We'll use Factor House Local to quickly spin up Kafka and Flink environments that include Kpow and Flex. We can use either the Community or Enterprise editions of Kpow/Flex. To begin, ensure valid licenses are available. For details on how to request and configure a license, refer to this section of the project README.

## Clone the Factor House Local Repository
git clone https://github.com/factorhouse/factorhouse-local.git

## Download Kafka/Flink Connectors and Spark Iceberg Dependencies
./factorhouse-local/resources/setup-env.sh

## Uncomment the sections to enable the edition and license.
# Edition (choose one):
# unset KPOW_SUFFIX # Enterprise
# unset FLEX_SUFFIX # Enterprise
# export KPOW_SUFFIX="-ce" # Community
# export FLEX_SUFFIX="-ce" # Community
# Licenses:
# export KPOW_LICENSE=<path-to-license-file>
# export FLEX_LICENSE=<path-to-license-file>

docker compose -p kpow -f ./factorhouse-local/compose-kpow.yml up -d \
&& docker compose -p flex -f ./factorhouse-local/compose-flex.yml up -d

Deploy source connector

We will create a source connector that generates fake order records to a Kafka topic (orders). See the Kafka Connect via Kpow UI and API lab for details about how to create the connector.
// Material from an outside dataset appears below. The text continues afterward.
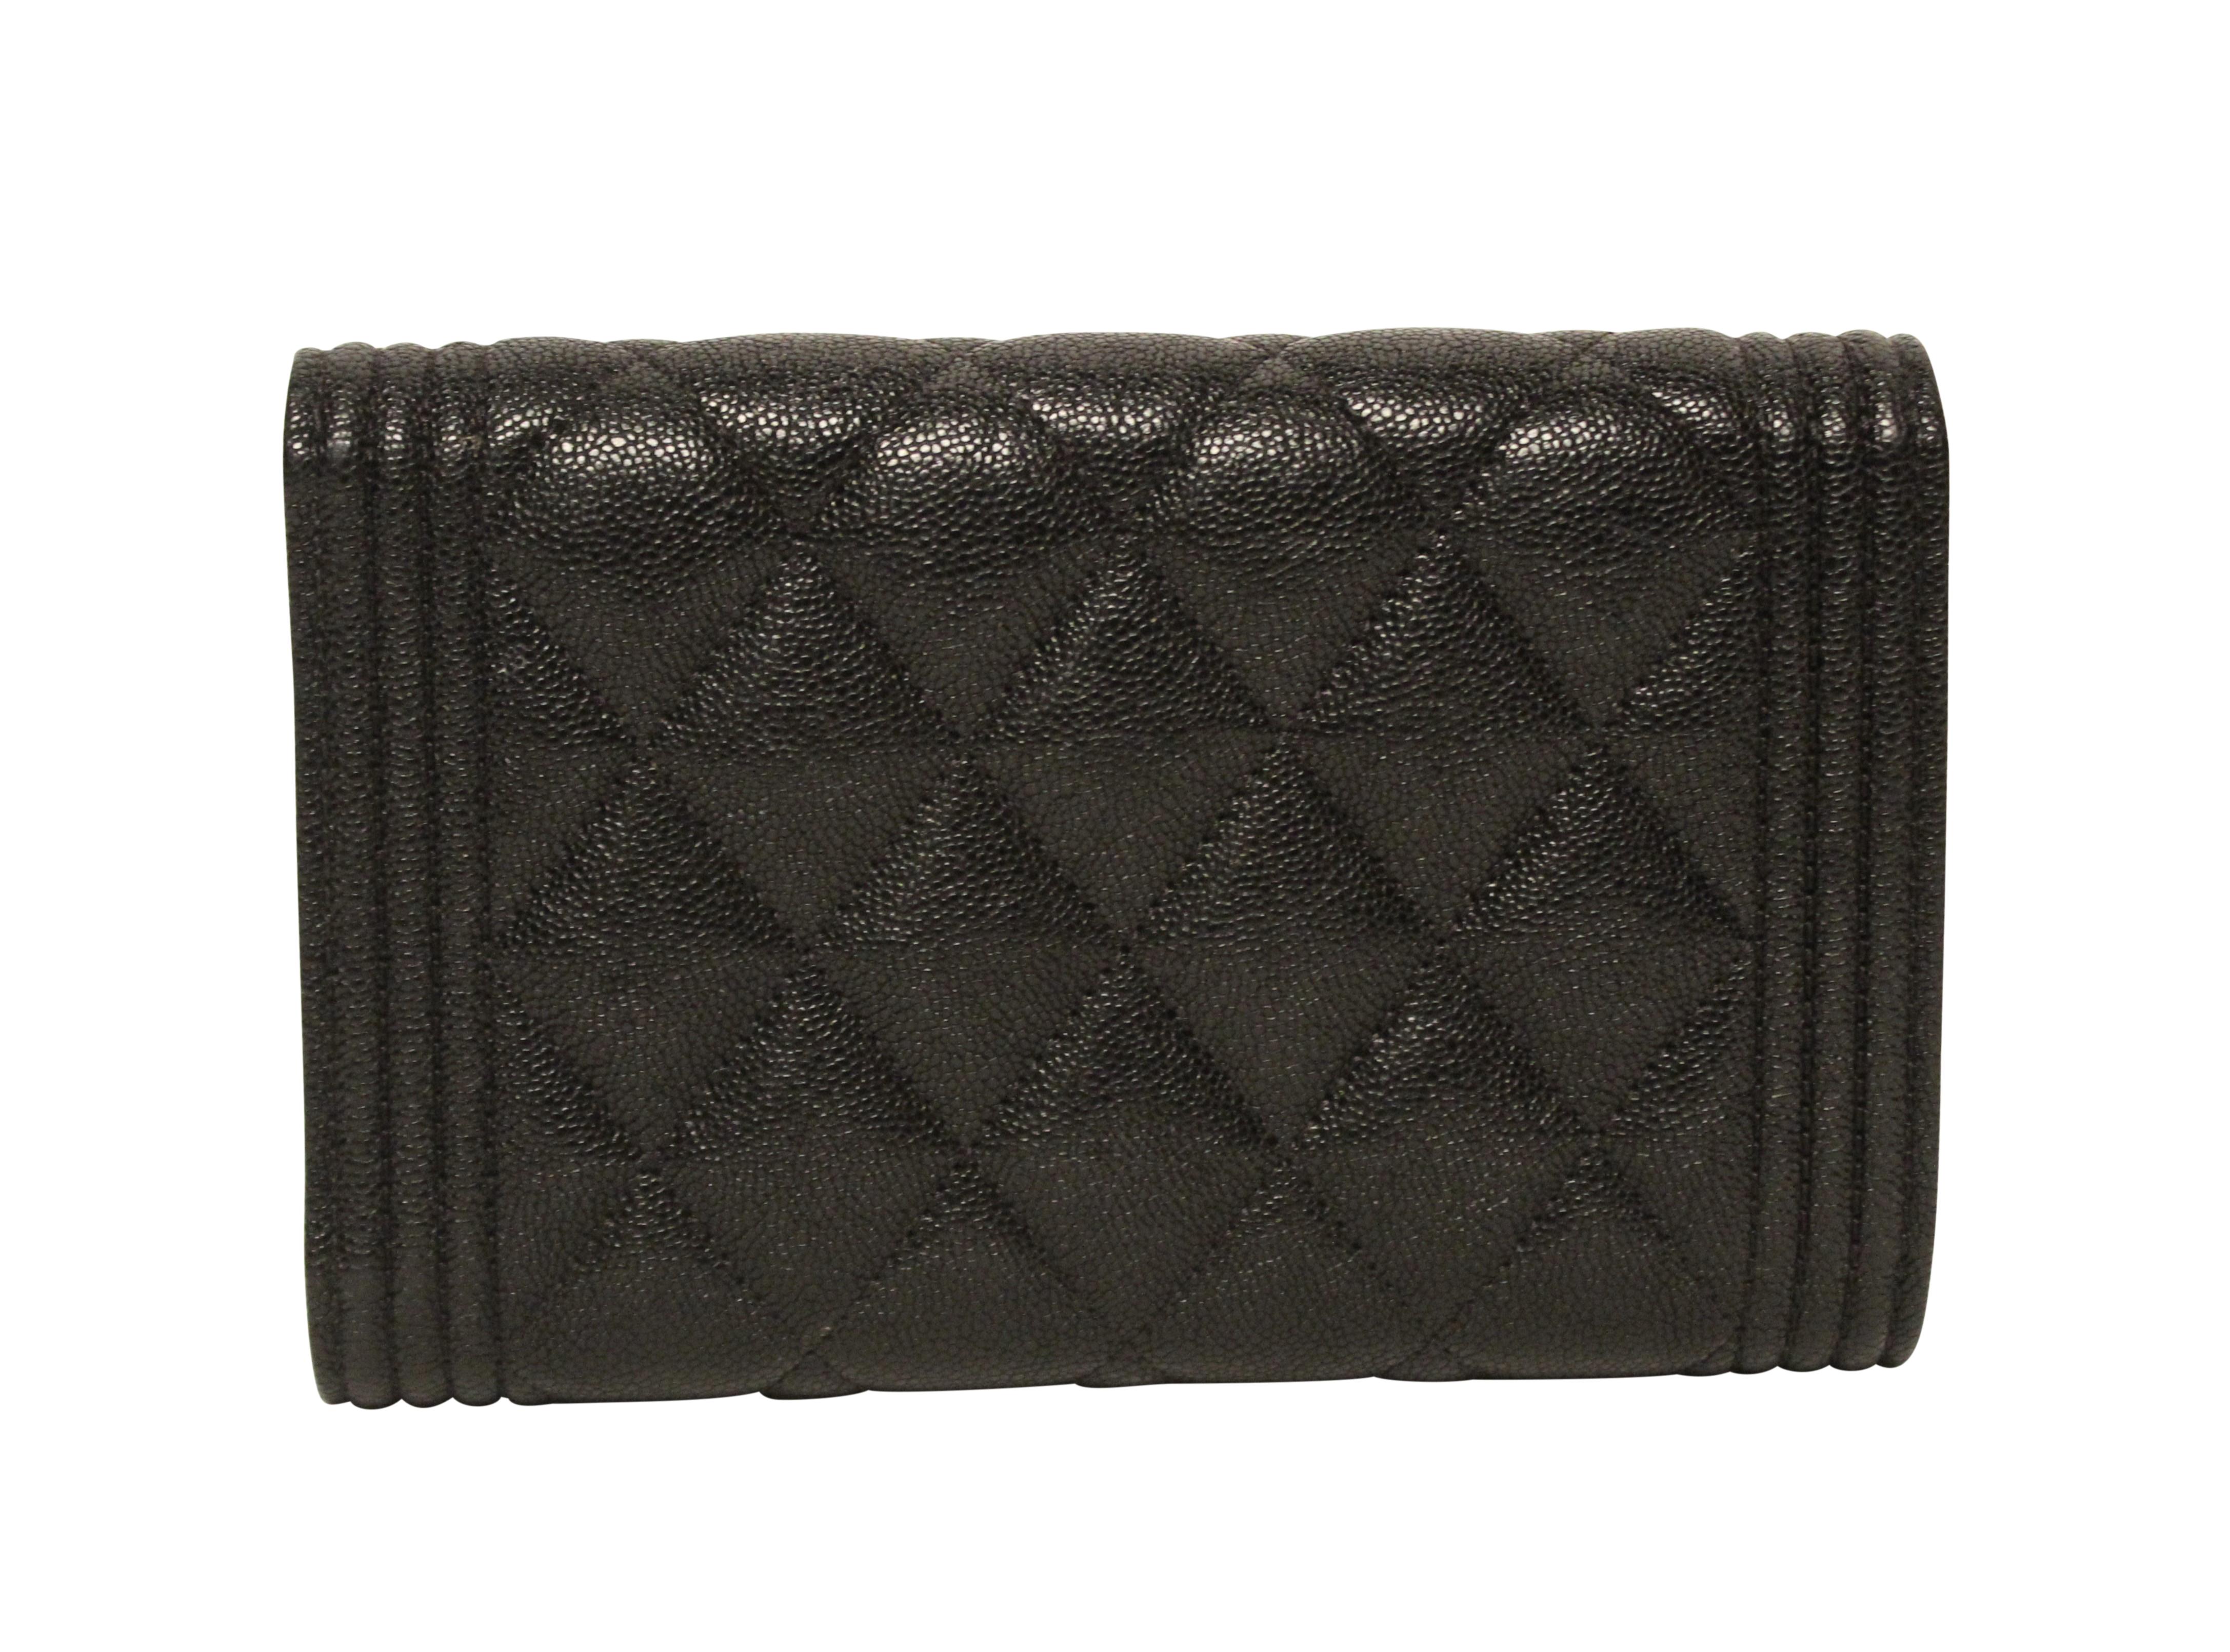 Pristine CHANEL medium Boy Flap wallet in grained calfskin, and soft gold toned metal hardware. This wallet features iconic Boy Bag style linear border, iconic CHANEL quilting, interior zip pocket, notes comparment and idividual card slots.

Once deployed, we can check the connector and its tasks in Kpow.

Create pipeline

This example runs in the Flink SQL client, which can be started as shown below.
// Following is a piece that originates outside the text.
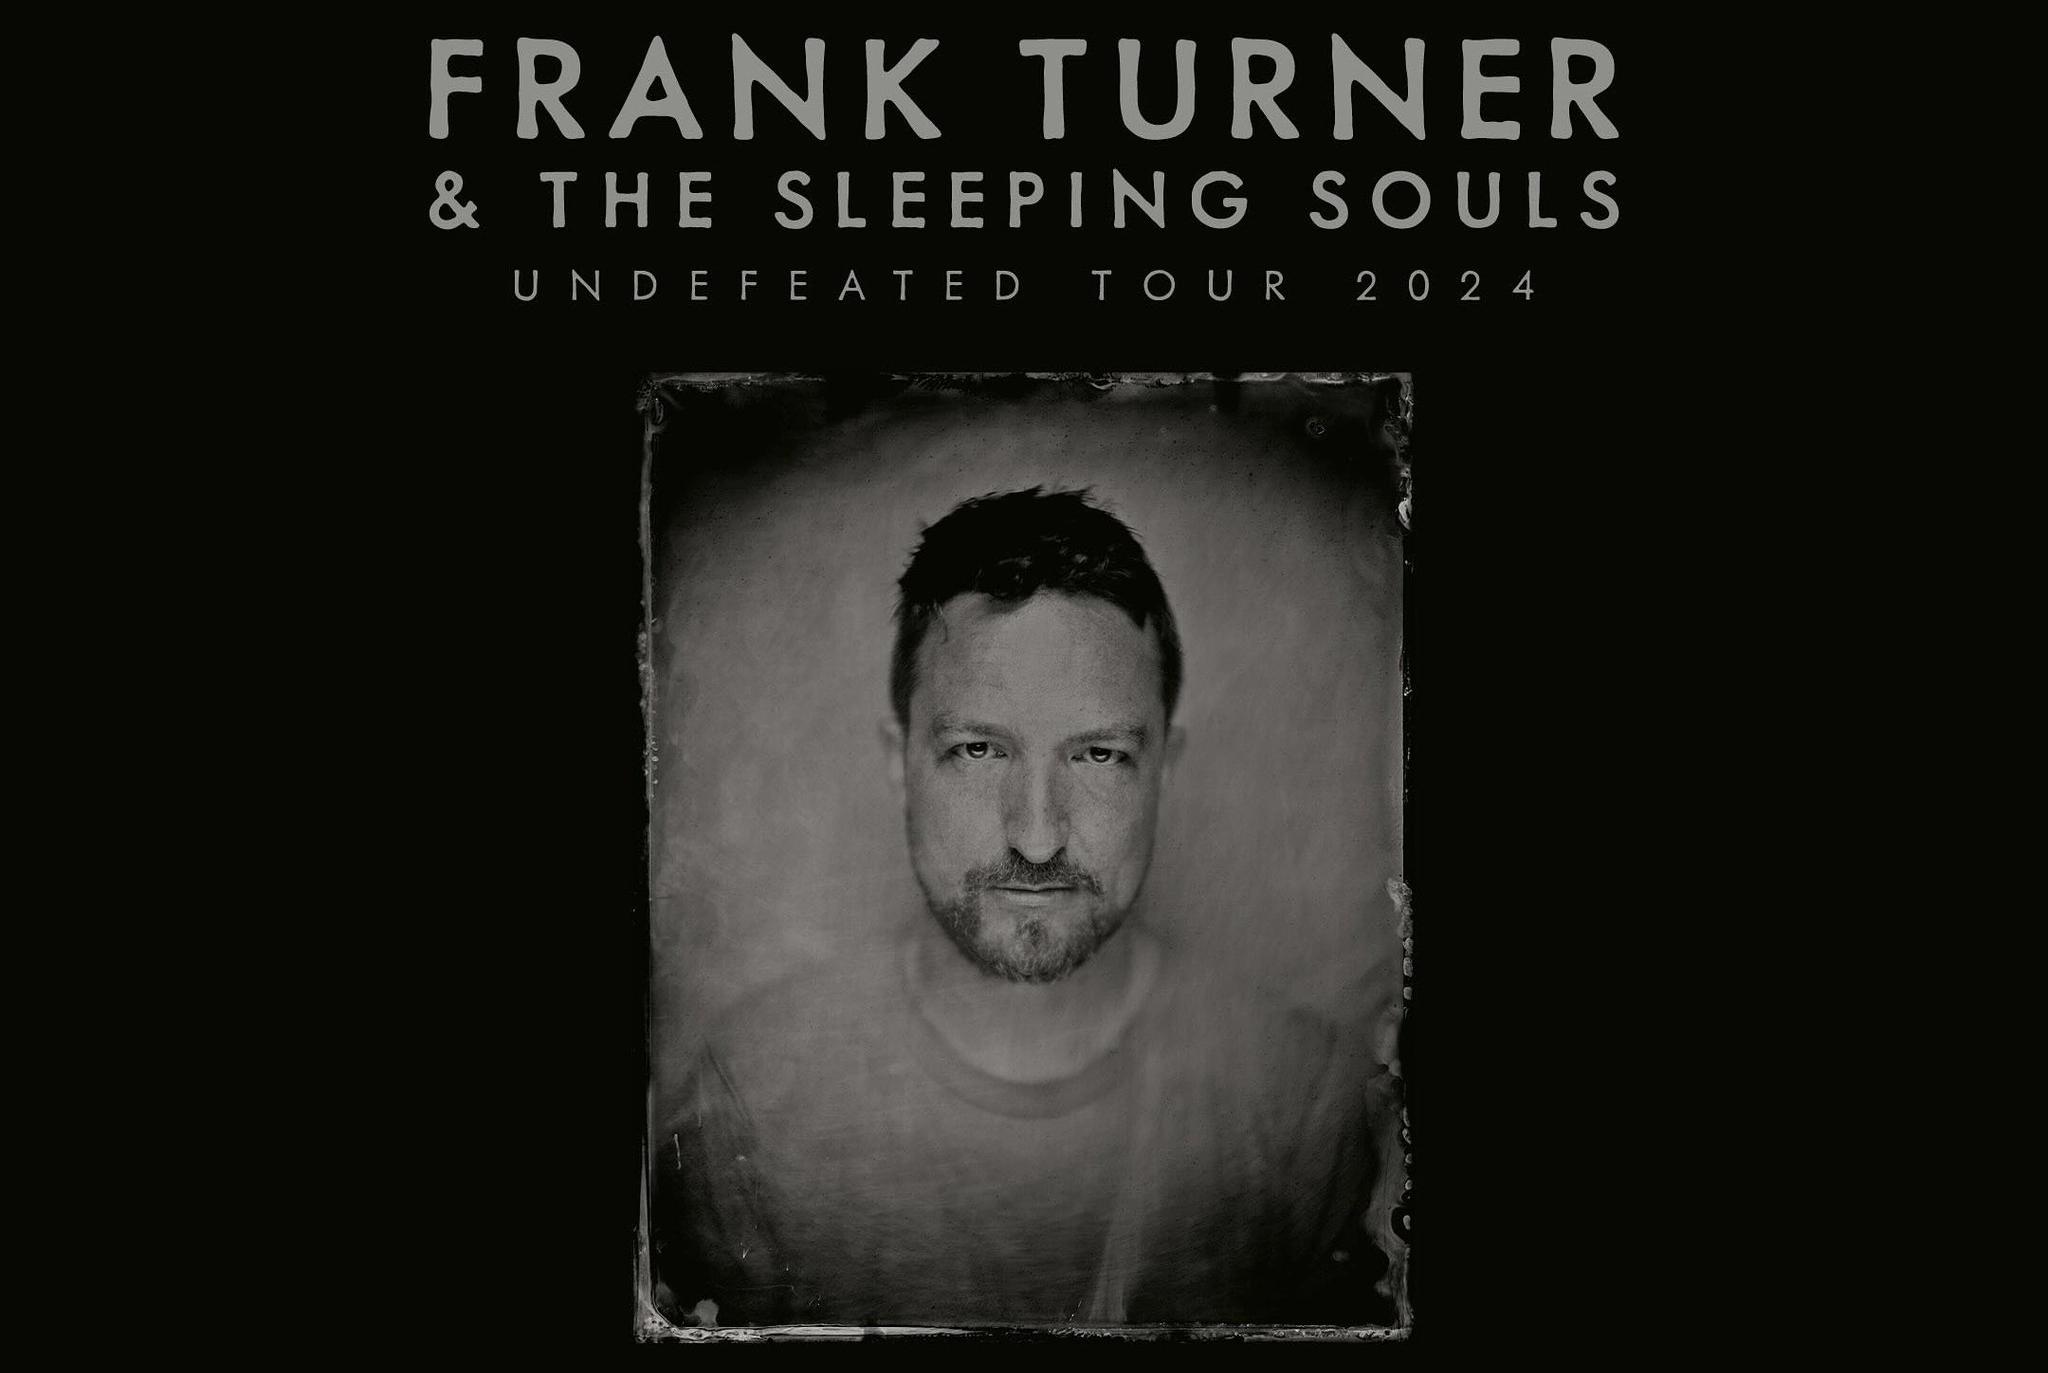 Frank Turner And The Sleeping Souls at Tramshed Cardiff Tickets

docker exec -it jobmanager ./bin/sql-client.sh

Load dependent JARs

We begin by loading the necessary JAR files for the Apache Kafka SQL connector and Confluent Avro format support.

ADD JAR 'file:///tmp/connector/flink-sql-connector-kafka-3.3.0-1.20.jar';
ADD JAR 'file:///tmp/connector/flink-sql-avro-confluent-registry-1.20.1.jar';
show jars;
-- +-------------------------------------------------------------+
-- | jars |
-- +-------------------------------------------------------------+
-- | /tmp/connector/flink-sql-connector-kafka-3.3.0-1.20.jar |
-- | /tmp/connector/flink-sql-avro-confluent-registry-1.20.1.jar |
-- +-------------------------------------------------------------+
-- 2 rows in set

Create source table

The source table is defined using the Kafka SQL connector, enabling Flink to consume Avro-encoded messages from the orders Kafka topic. To support time-based processing and windowed aggregations, an event-time watermark is introduced on bid_time using WATERMARK FOR bid_time AS bid_time - INTERVAL '5' SECOND. This watermark allows Flink to track event time progress and handle out-of-order events, which is required for time-based operations such as windowed aggregations or joins.
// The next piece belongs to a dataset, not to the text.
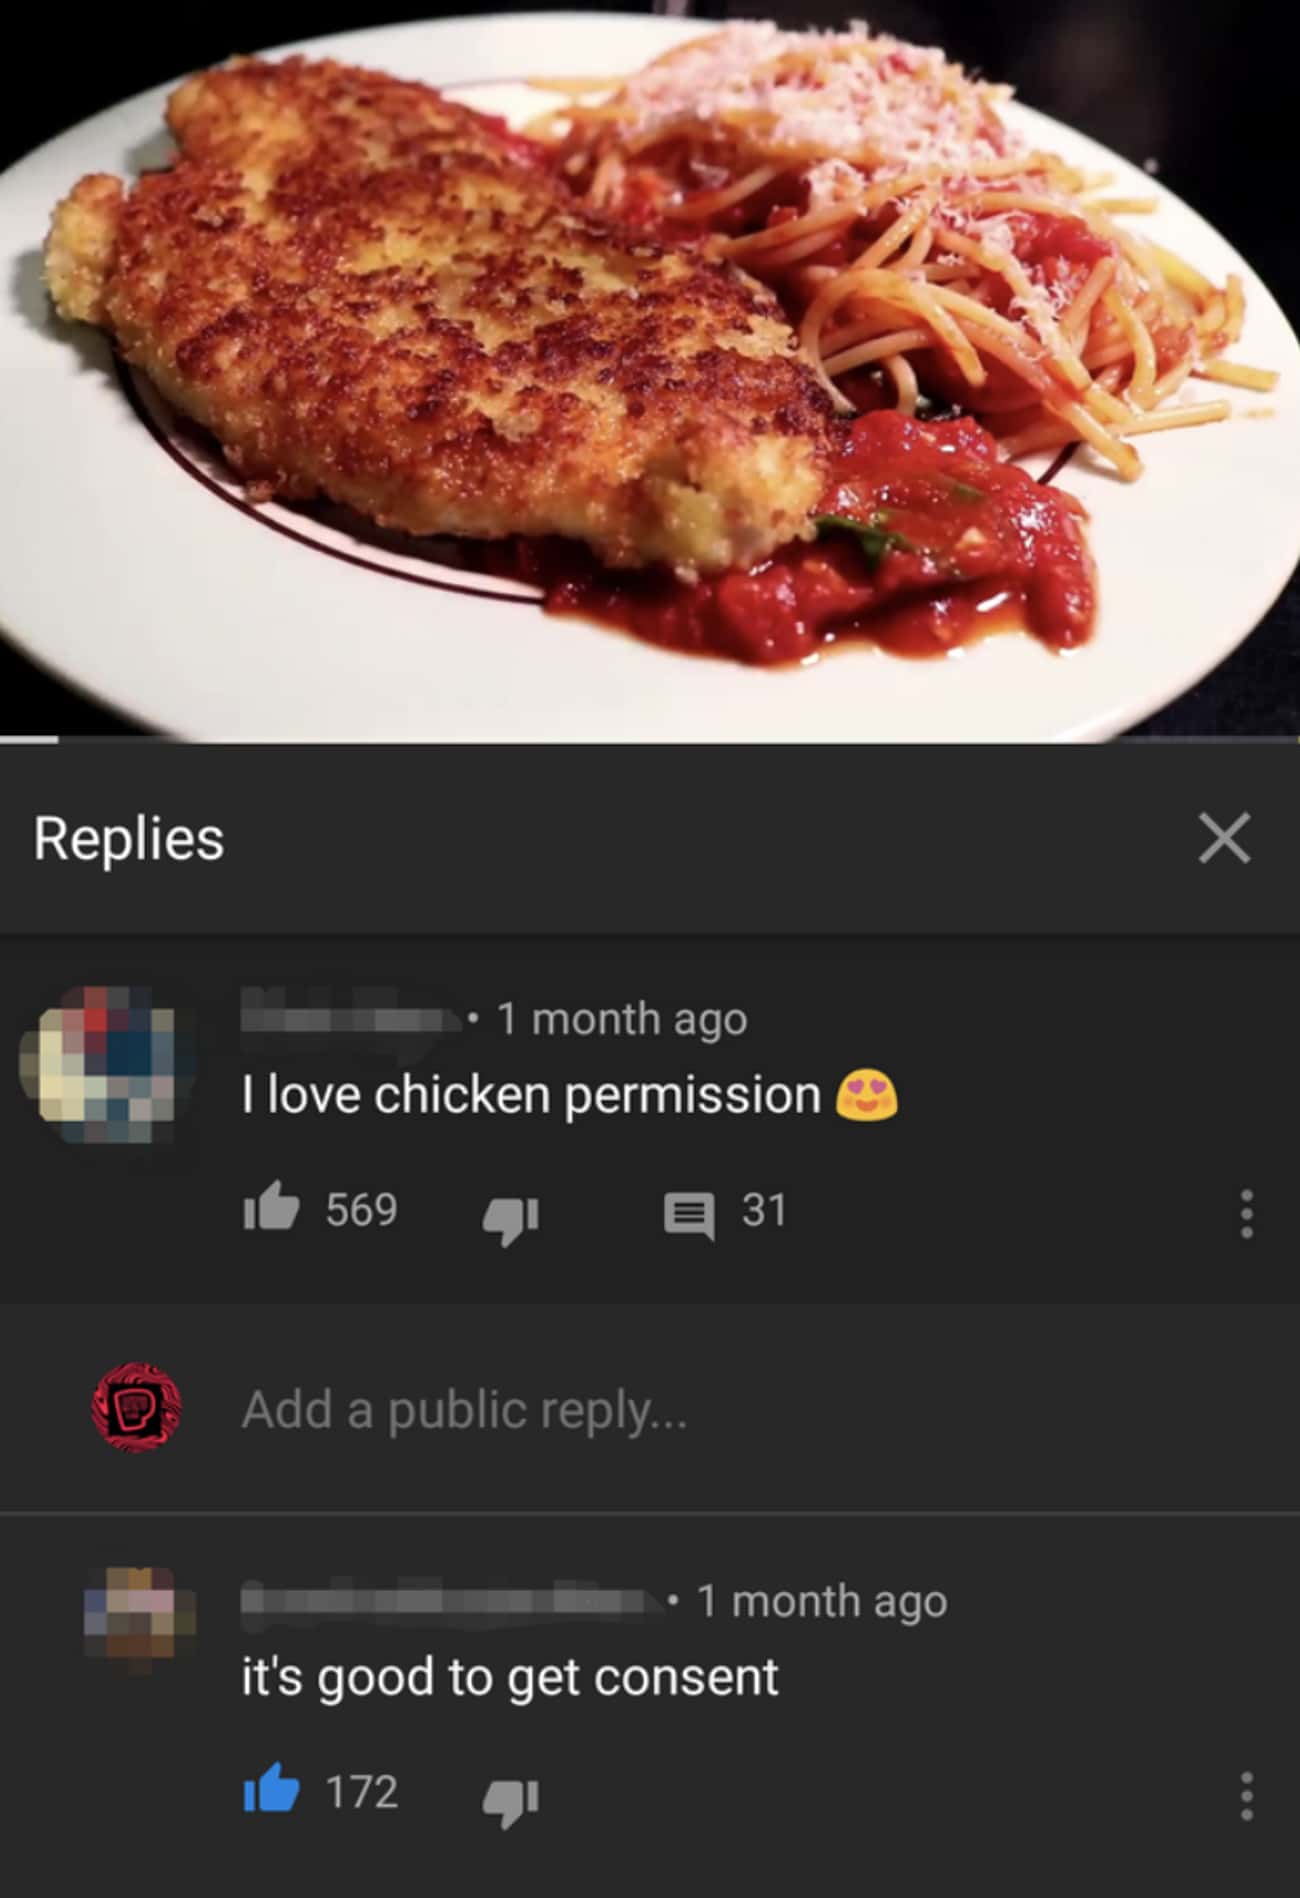 Who Doesn't Love Chicken Permission?

This setup allows Flink to perform event-time processing over incoming Kafka messages, with schema management handled automatically by the Avro format and Schema Registry.

CREATE TABLE orders (
order_id STRING,
item STRING,
price STRING,
supplier STRING,
bid_time TIMESTAMP(3),
WATERMARK FOR bid_time AS bid_time - INTERVAL '5' SECOND
) WITH (
'connector' = 'kafka',
'topic' = 'orders',
'properties.bootstrap.servers' = 'kafka-1:19092',
'format' = 'avro-confluent',
'avro-confluent.schema-registry.url' = 'http://schema:8081',
'avro-confluent.basic-auth.credentials-source' = 'USER_INFO',
'avro-confluent.basic-auth.user-info' = 'admin:admin',
'avro-confluent.schema-registry.subject' = 'orders-value',
'scan.startup.mode' = 'earliest-offset'
);

Run the following query to view the source table:

select * from orders;

Create sink table

A sink table (supplier_stats) is defined to collect per-supplier statistics computed over tumbling event-time windows of 5 seconds. The table stores:

  • The start and end time of each window (as formatted UTC strings),
  • The supplier name,
  • The total price of all bids within the window, and
  • The total number of bids received.

This aggregation is performed using Flink's TUMBLE function, which groups events into fixed-size, non-overlapping time windows based on the bid_time field from the source table. The results of the aggregation query are inserted into the sink table.

The sink is backed by a Kafka topic (orders-supplier-stats) and uses Confluent Avro for both the value serialization. The key is set to the supplier field and uses a fixed partitioner, ensuring that all records for the same supplier are written to the same partition.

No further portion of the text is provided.